Description of the task:
All of the data below is to be copied exactly.

Provided data:
************
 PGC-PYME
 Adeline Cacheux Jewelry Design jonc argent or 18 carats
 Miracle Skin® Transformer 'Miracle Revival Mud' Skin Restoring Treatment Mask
************
Response to the task:
 PGC-PYME
 Adeline Cacheux Jewelry Design jonc argent or 18 carats
 Miracle Skin® Transformer 'Miracle Revival Mud' Skin Restoring Treatment Mask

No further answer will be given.